CREATE TRIGGER audit AFTER INSERT OR UPDATE OR DELETE ON employee FOR EACH ROW EXECUTE FUNCTION employee_audit_func();
Stored Procedures are an important part of databases and cater to complex data-extraction requirements. Developers often use stored procedures as part of their database development process. Both MySQL and PostgreSQL databases support stored procedures, but MySQL only supports standard SQL syntaxes, while PostgreSQL supports very advanced procedures.
As mentioned earlier, MySQL is not a fully SQL-compliant database and does not support all SQL features, making it a tough choice for developers and not a great choice for data warehousing applications, as there will be a need here for advanced and complex SQLs.
Here are some limitations to be considered when choosing MySQL:
- Certain UPDATE SQL results can be surprising and not per the SQL standard, as seen below:
mysql> select * from test; +------+------+ | c | c1 | +------+------+ | 10 | 100 | +------+------+ 1 row in set (0.01 sec) mysql> update test set c=c+1, c1=c; Query OK, 1 row affected (0.01 sec) Rows matched: 1 Changed: 1 Warnings: 0 mysql> select * from test; +------+------+ | c | c1 | +------+------+ | 11 | 11 | +------+------+ 1 row in set (0.00 sec)
The SQL standard expected results are supposed to be as shown here:
mysql> select * from test; +------+------+ | c | c1 | +------+------+ | 11 | 10 | +------+------+
- Cannot UPDATE or DELETE statements; cannot SELECT from the same table. Below is an example of a DELETE:
mysql> delete from test where c in (select t1.c from test t1, test t2 where t1.c=t2.c); ERROR 1093 (HY000):
- LIMIT clause is not allowed in the subqueries:
mysql> select * from test where c in (select c from test2 where c<3 limit 1); ERROR 1235 (42000):
MySQL doesn't yet support “LIMIT & IN/ALL/ANY/SOME subquery.”
Also, MySQL does not support standard SQL clauses such as FULL OUTER JOINS, INTERSECT, and EXCEPT, which are commonly used. Index types, including Partial Indexes, Bitmap Indexes, and Expression Indexes, are also not supported, and these are important to speed up query performances.
PostgreSQL, on the other hand, is a fully SQL-compliant database and supports all SQL standard features. Applications of pretty much any nature from any domain can use PostgreSQL as their database, which makes it a popular choice for OLTP, OLAP, and DWH environments. PostgreSQL is the best choice for developers who have to write complex SQLs.
MySQL and PostgreSQL both support table partitioning to improve the performance of queries that hit large-size Tables. However, there are certain limitations in both the databases.
MySQL supports declarative table partitioning; supported partition types are RANGE, LIST, HASH, KEY, and COLUMNS (RANGE and LIST). SUBPARTITIONING is also supported. However, this feature may not be very flexible for DBAs because of certain limitations. Let’s take a look at them:
- From MySQL version 8.0, table partitioning is only possible with InnoDB and NDB storage engines, not with any other storage engines like MyISAM.

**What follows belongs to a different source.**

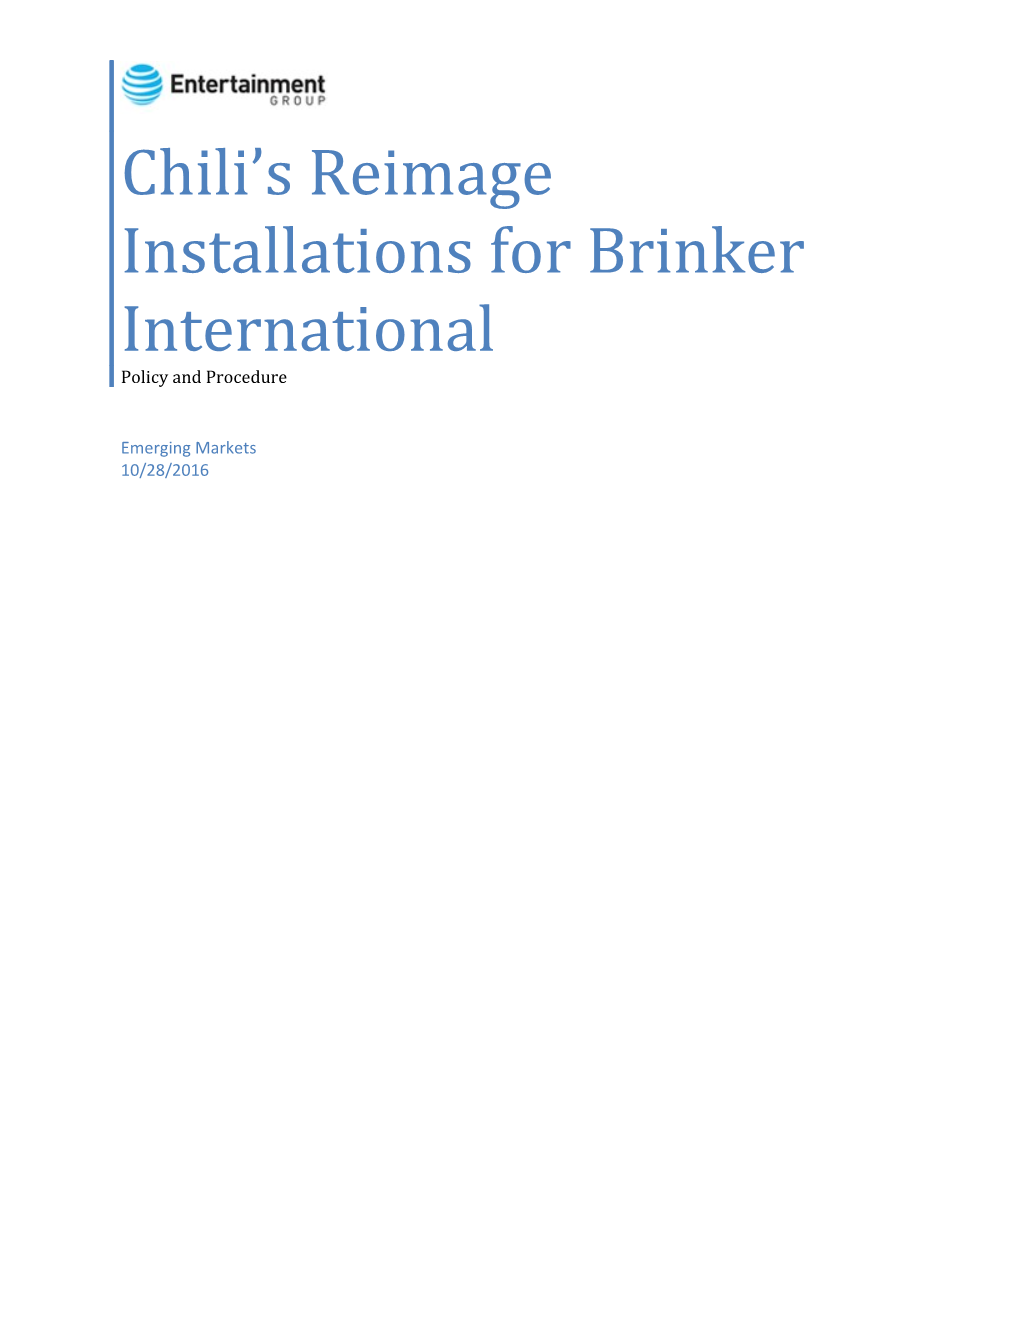 Chili S Reimage Installations for Brinker International

- If the partition key column is not part of all the PRIMARY and UNIQUE KEY constraints of the table, then it is not possible to partition the table at all. The only other option is to partition a table with no PRIMARY or UNIQUE KEYs, which is a rare occurrence in the RDBMS world.
- Support for placing the table partitions on tablespaces was phased out from MySQL-5.7.24. This means, DBAs cannot leverage the benefit of disk I/O balancing from table partitioning.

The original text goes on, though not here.